Adderall Wife and Divorce?
Two years ago, my wife was prescribed adderall. At first, the personality change was noticeable, however not really bad. She became a focused machine able to be super-mom to our children.
Now, we are near divorce. There is no relationship, she can't "deal" with people, and she is constantly angry, frustrated and burned out.
She has no interest in me, others, nothing.
Now, I don't think she is taking anymore than the prescribed amount, but ... could these issues be related to her Adderall?
I know it's been a while since you posted this. Hopefully things have worked out well. I don't like admitting this, but I think Adderall can definitely change the user's personality... drastically. The worst part about it is how tricky it is, and how difficult it is to determine what's caused by the medication, and what's not. Everyone is different, but this is my experience.
I'm a 25 yr old female and I've been married for 4 years. I've always been happy, adventerous, athletic, and in love with life. However, I've also always been reckless, impatient, impulsive, fearless, forgetful, and extremely ADHD. After dozens (literally) of broken bones, a few car accidents, a decade of uncompleted projects, speeding tickets, bad hair styles, jumping countries and relationships, and two years of driving my husband nuts by "forgetting" to do so many of the things I needed to do, I finally caved in and decided to try a medication that might help with my ADHD.
Testing out meds was a bit rocky, (and by bit, I mean EXTREMELY) but eventually I found one that fit (Adderall xr 25).
In general, I've felt that Adderall has really helped me out. If anything, the world is a safer place ;) I am a much safer driver, better "house wife", better at paperwork, finances, shopping lists, navigating through difficult situations, and following through with things. I feel I have much more control over my impulse problems and can say I haven't shaved my head or dyed my hair a terrible color on a whim since I started meds.

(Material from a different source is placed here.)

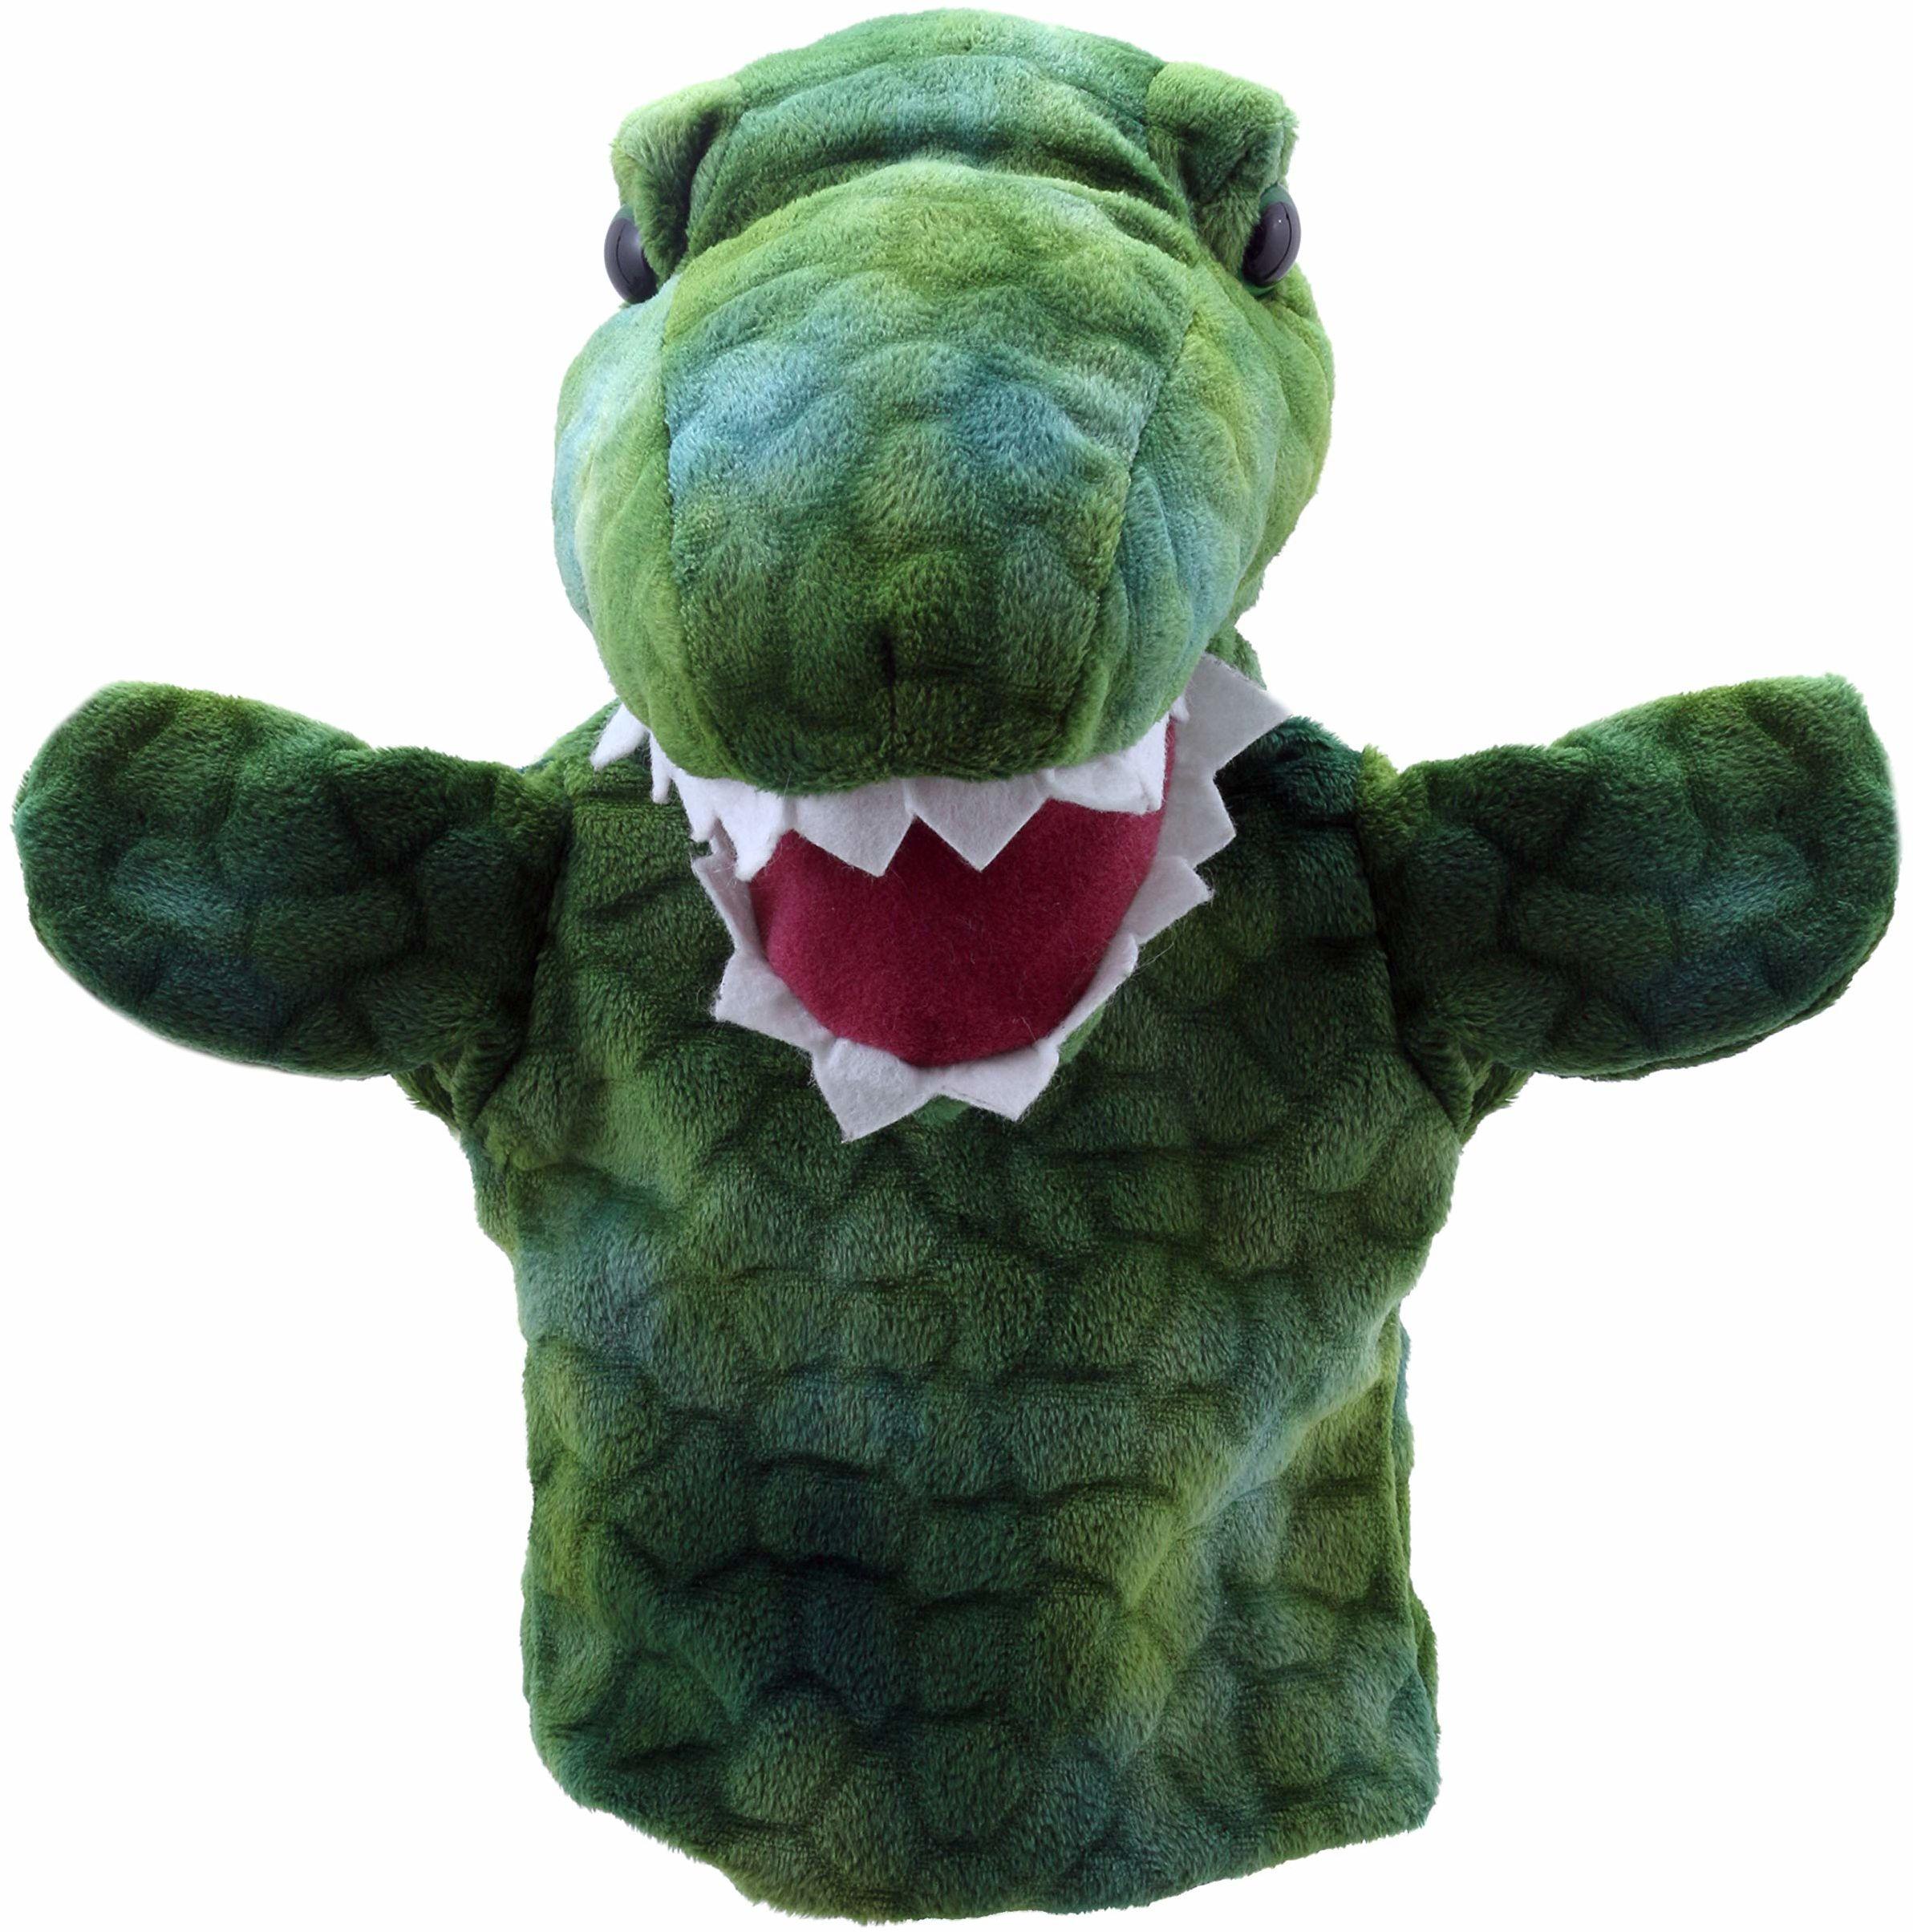 The Puppet Company Puppet Buddies T-Rex lalka, PC004636

Since I started taking meds (at first it was ritilin, then adderall... tried generics and name brand of both..), I have felt MUCH SADDER all the time. Ritilin was terrible. It turned me into a sobbing, angry, argumentative b*tch who meticulously folded perfect piles of laundry. I was obsessed with being the "perfect wife" and let go of my easy going, happy, optimistic nature in order to turn into a miserable, house keeping robot. Around the same time, I stumbled into a huge (very late) emotional mourning/healing process as I relived all the dreadful events of my past (many were results of my untreated ADHD.)... NOT very fun. I finally switched to Adderall xr and noticed that the good effects were not as strong, but neither were the bad ones. IT was worth it to me. After a few months, I loosened up a lot and even let the dishes pile up. I like to think that now I am pretty balanced on it and myself, but in reality, I know I'm still not the same as I was before I started "treatment" for my craziness. NOR is my marriage. There were so many months of arguments that I felt so absolutely passionate about (though most were completely unfounded), months of coldness, depression, pulling away from friends, hobbies, and intimacy, and emotional instability,,, that I'm not sure how long it will take to get things back on track.
I don't know how much of my issues can be blamed on medication, vs. myself/my choices... but I really feel that in general, my entire personality has changed to a much more serious, analytical, pessimistic, self centered, uptight WORRY-ER.
Luckily, I discovered ST. JOHN'S WORT (NOT THE CAPSELS... the tablets work much better for me. I love the NatureMade brand (450mg extract)... It's like $3 a bottle!... :) WHAM! I pop three to four of those pills a day and I seriously feel like (FOR THE FIRST TIME SINCE I Started all this) the person I used to be... only much safer on the road. ;)
So yeah, I can totally understand if your wife changed a lot. These are serious drugs and SO SNEAKY and convincing (when I get angry on adderall or especially ritilin, I TOTALLY believe that I am actually extremely angry about something extremely important! The next day I couldn't care less about the topic... yet during the moment, It's almost impossible to convince myself that what I am feeling is simply a side effect of the drug I am taking... and not the end of the world. I really hope things can get straightened out and improve.
damn sure could be. I am getting divorced and my family contributes my personality change to adderall. I am getting off this shit.
From your description, I could be your wife. I suffer from everything you have described. I am or was not ADD, in fact the very opposite. I started taking it for college exams, then to get through law school, then to be a super performer at work...and now I am 5 years in and slowly increasing my dosage. The only "symptom" that I suffered from that you did not describe it that I swear it has actually caused me to become ADD. At times I think people I work with might call me flighty or scatterbrained, which is the complete opposite of how I have been my entire life pre-adderall.
I don't have any solution, but wanted to let you know that someone else out there is just like your wife. I have decided to slowly start weening off it, but find myself unable to do it. I tell myself I will start tomorrow, and tomorrow has turned into 5 months now.